◆ What is needed
Set down all of the data exactly. Pictures stay out of the copy.

◆ Given material
......
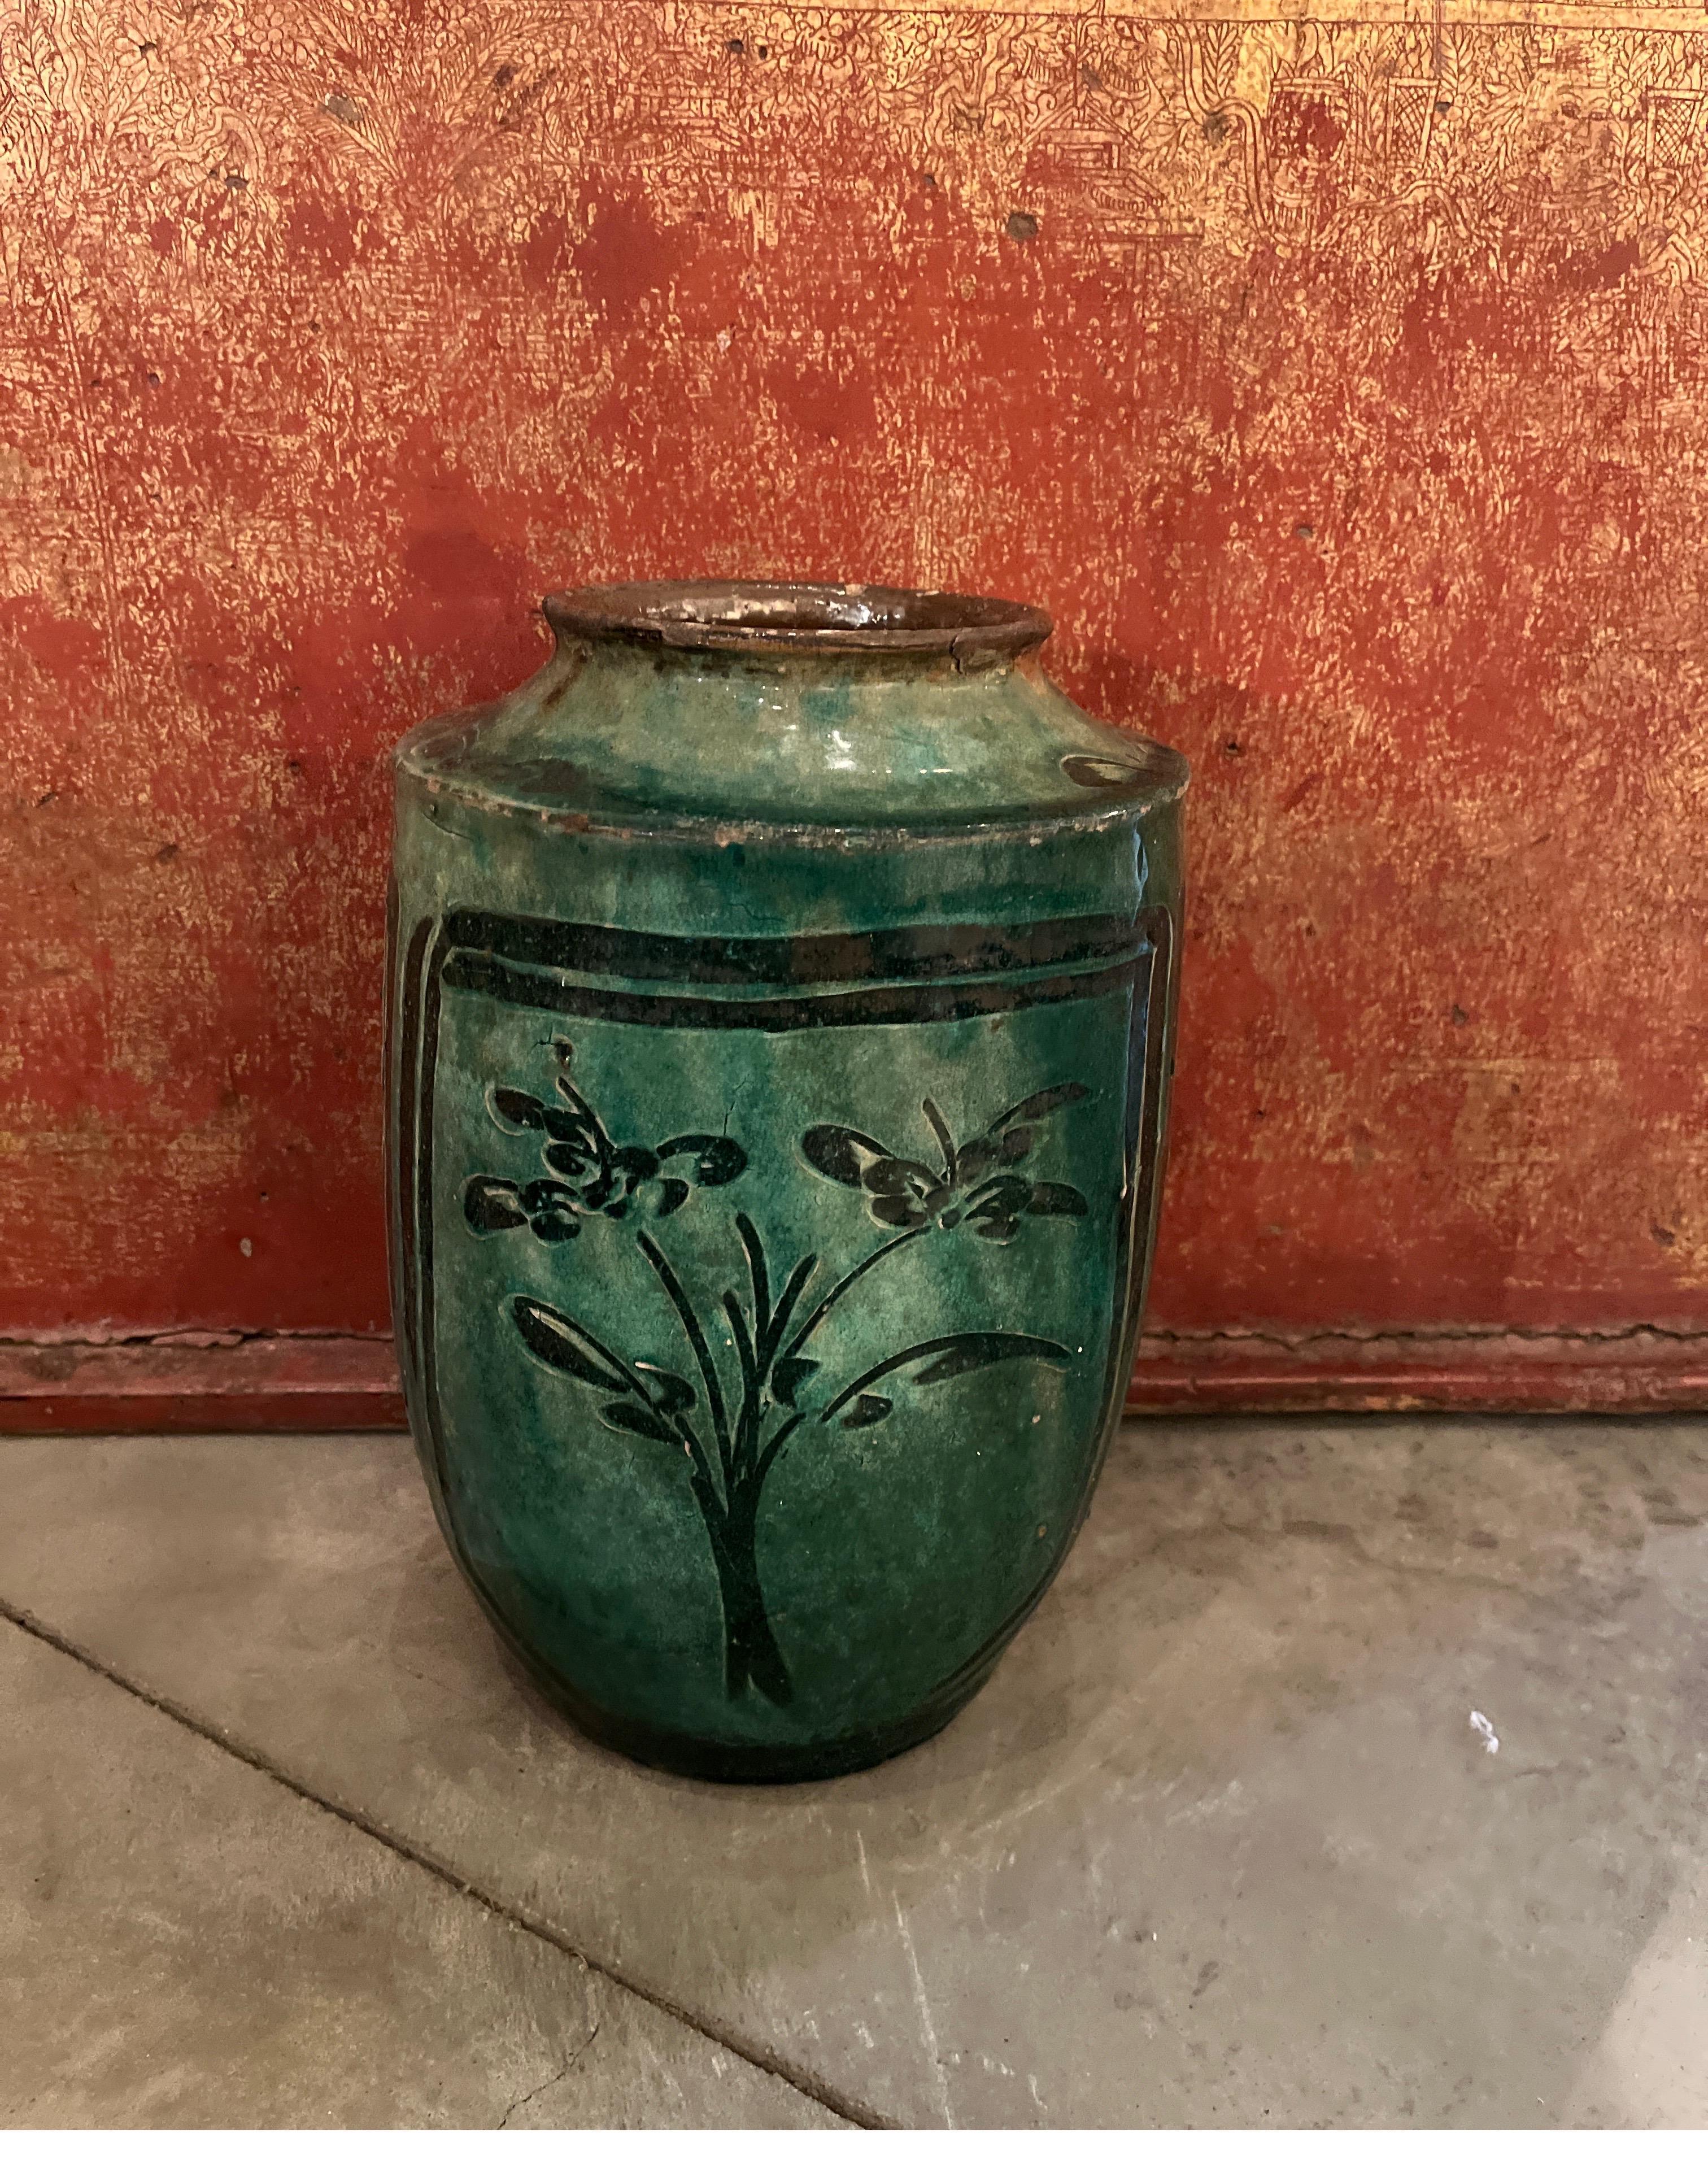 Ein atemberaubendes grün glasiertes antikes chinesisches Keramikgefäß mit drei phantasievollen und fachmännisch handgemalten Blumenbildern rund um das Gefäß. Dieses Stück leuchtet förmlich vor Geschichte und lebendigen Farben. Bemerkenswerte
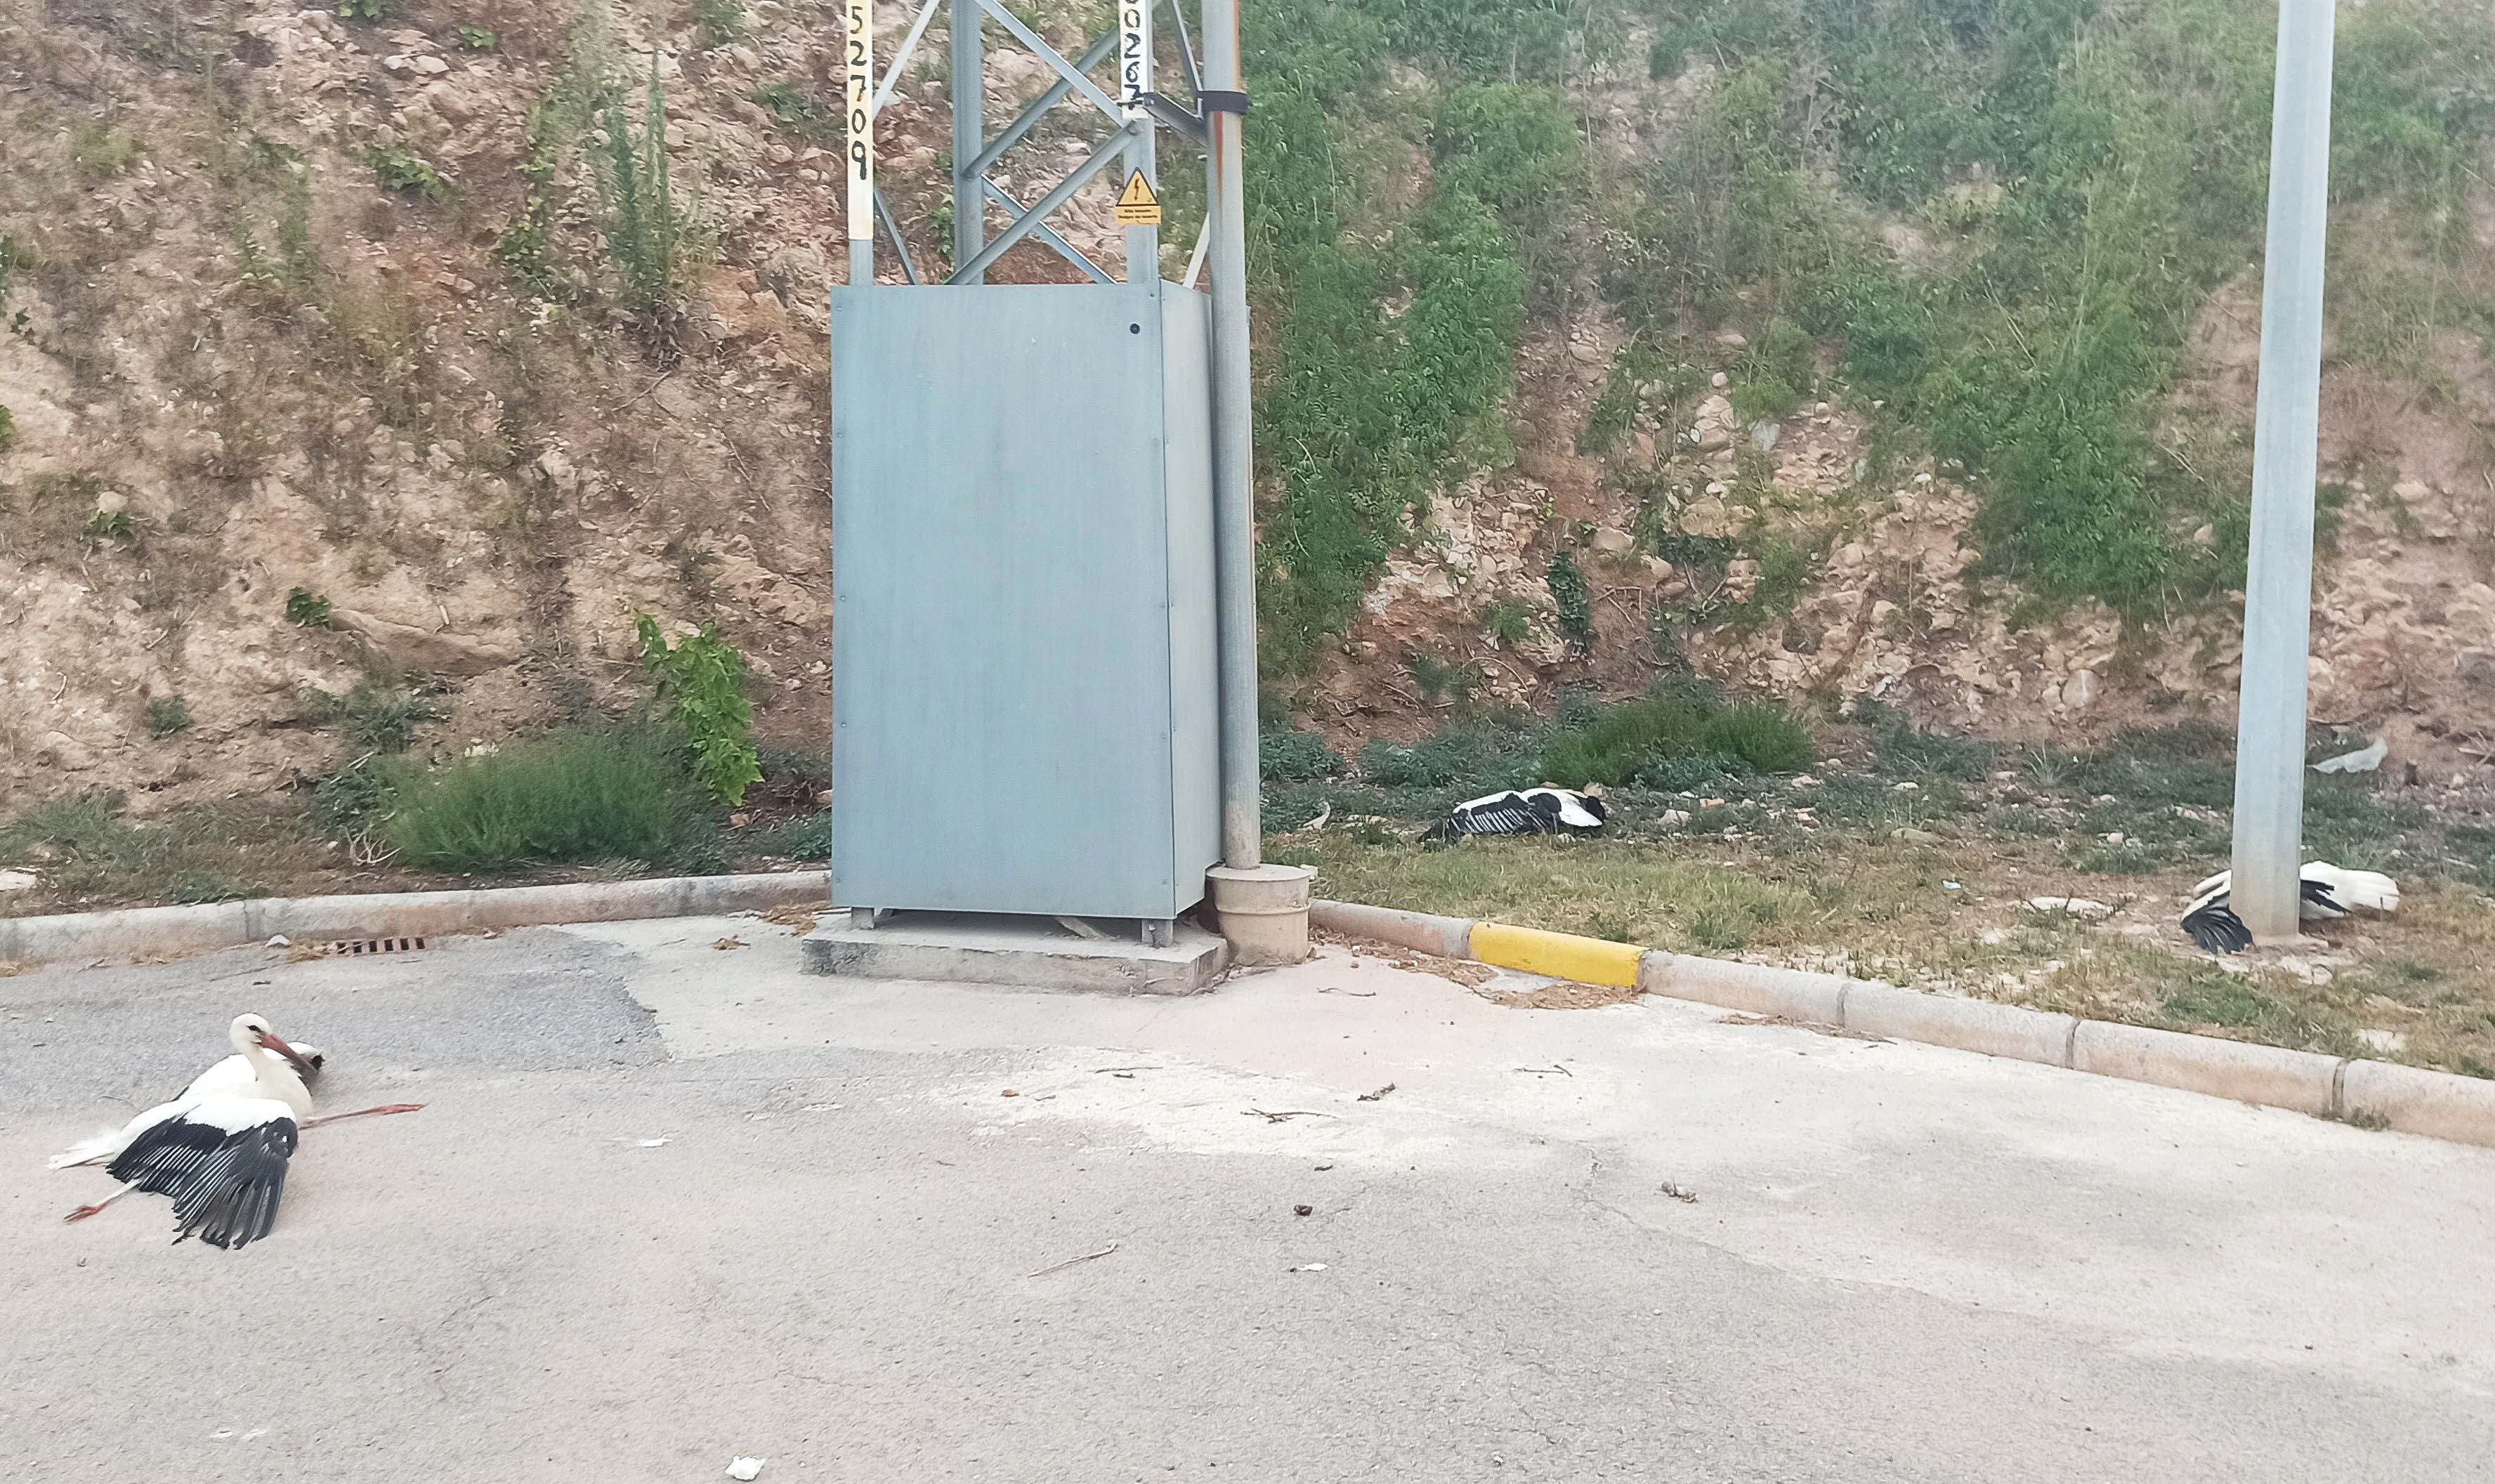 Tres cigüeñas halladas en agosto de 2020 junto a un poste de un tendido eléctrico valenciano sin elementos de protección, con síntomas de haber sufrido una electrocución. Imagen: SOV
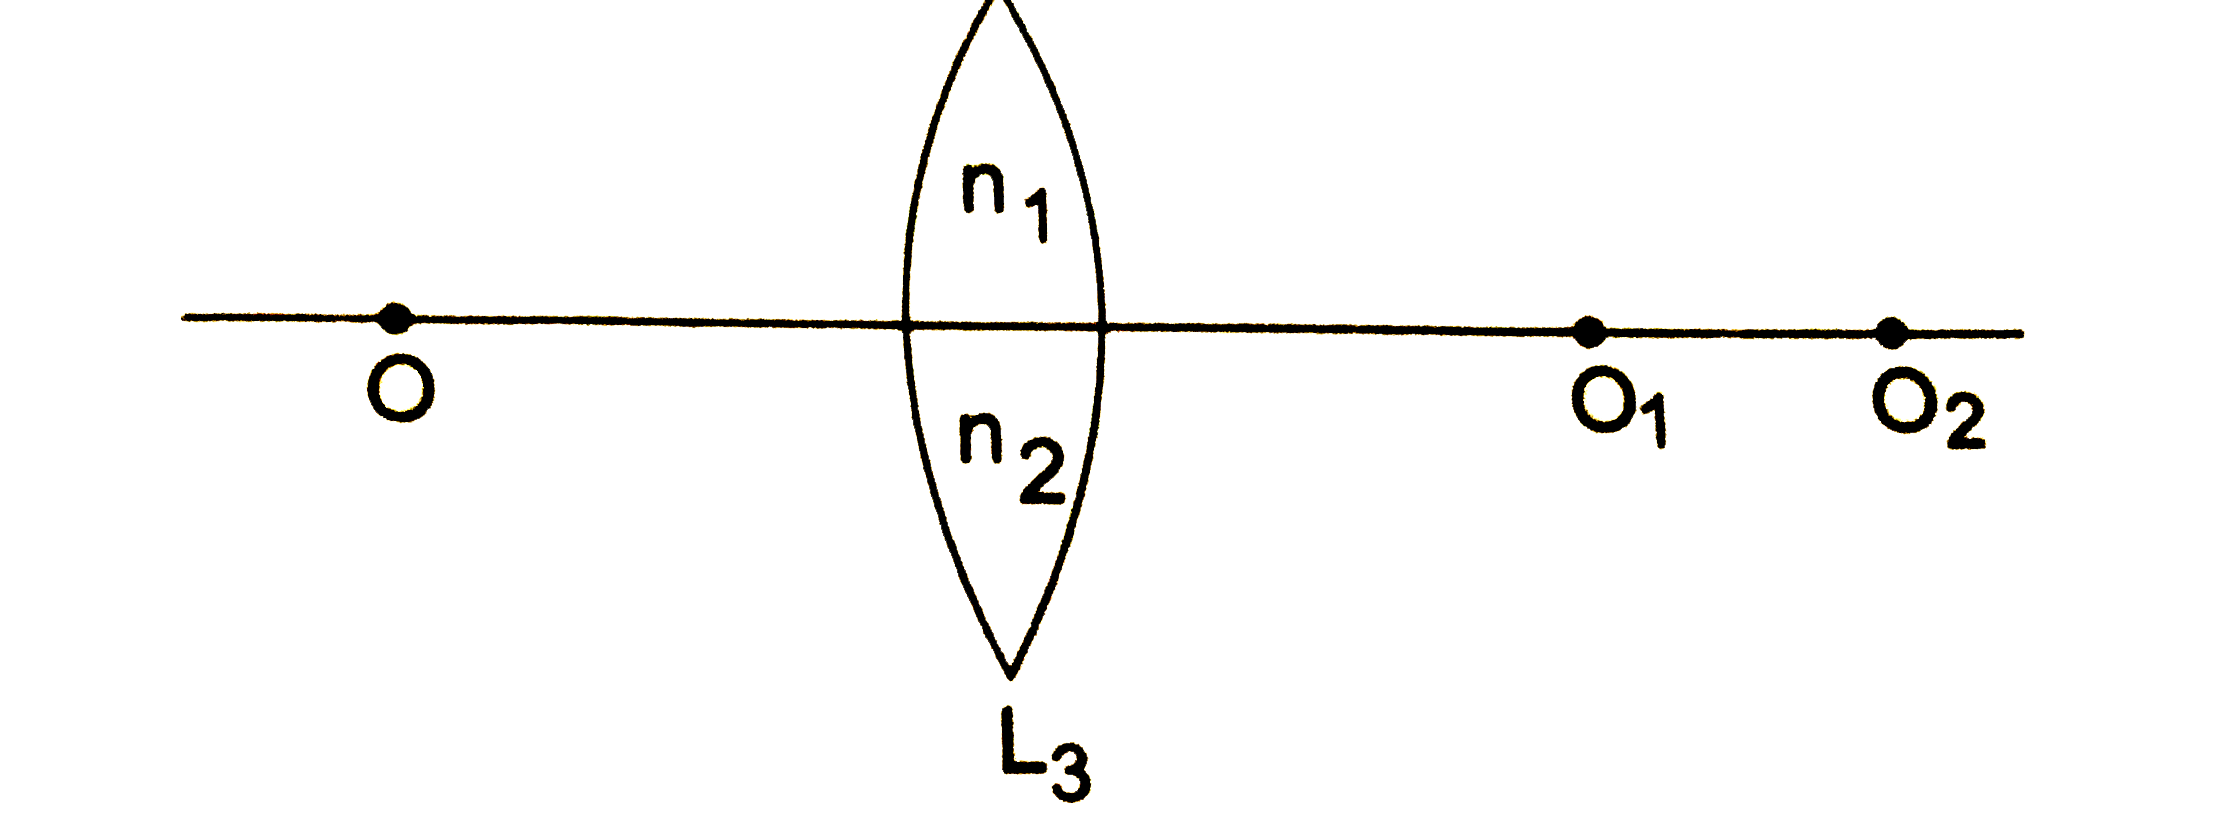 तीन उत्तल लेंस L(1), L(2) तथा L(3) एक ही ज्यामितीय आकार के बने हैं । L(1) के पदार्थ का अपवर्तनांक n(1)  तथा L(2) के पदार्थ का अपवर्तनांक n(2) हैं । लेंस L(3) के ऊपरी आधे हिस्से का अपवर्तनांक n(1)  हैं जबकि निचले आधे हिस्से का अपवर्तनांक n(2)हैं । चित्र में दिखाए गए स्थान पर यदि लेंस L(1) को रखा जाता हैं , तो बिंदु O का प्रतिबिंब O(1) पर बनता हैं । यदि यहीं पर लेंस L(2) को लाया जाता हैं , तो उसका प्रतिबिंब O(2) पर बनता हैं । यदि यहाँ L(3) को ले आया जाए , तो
......
◆ Exercise solution
 Ein atemberaubendes grün glasiertes antikes chinesisches Keramikgefäß mit drei phantasievollen und fachmännisch handgemalten Blumenbildern rund um das Gefäß. Dieses Stück leuchtet förmlich vor Geschichte und lebendigen Farben. Bemerkenswerte
 Tres cigüeñas halladas en agosto de 2020 junto a un poste de un tendido eléctrico valenciano sin elementos de protección, con síntomas de haber sufrido una electrocución. Imagen: SOV
 तीन उत्तल लेंस L(1), L(2) तथा L(3) एक ही ज्यामितीय आकार के बने हैं । L(1) के पदार्थ का अपवर्तनांक n(1)  तथा L(2) के पदार्थ का अपवर्तनांक n(2) हैं । लेंस L(3) के ऊपरी आधे हिस्से का अपवर्तनांक n(1)  हैं जबकि निचले आधे हिस्से का अपवर्तनांक n(2)हैं । चित्र में दिखाए गए स्थान पर यदि लेंस L(1) को रखा जाता हैं , तो बिंदु O का प्रतिबिंब O(1) पर बनता हैं । यदि यहीं पर लेंस L(2) को लाया जाता हैं , तो उसका प्रतिबिंब O(2) पर बनता हैं । यदि यहाँ L(3) को ले आया जाए , तो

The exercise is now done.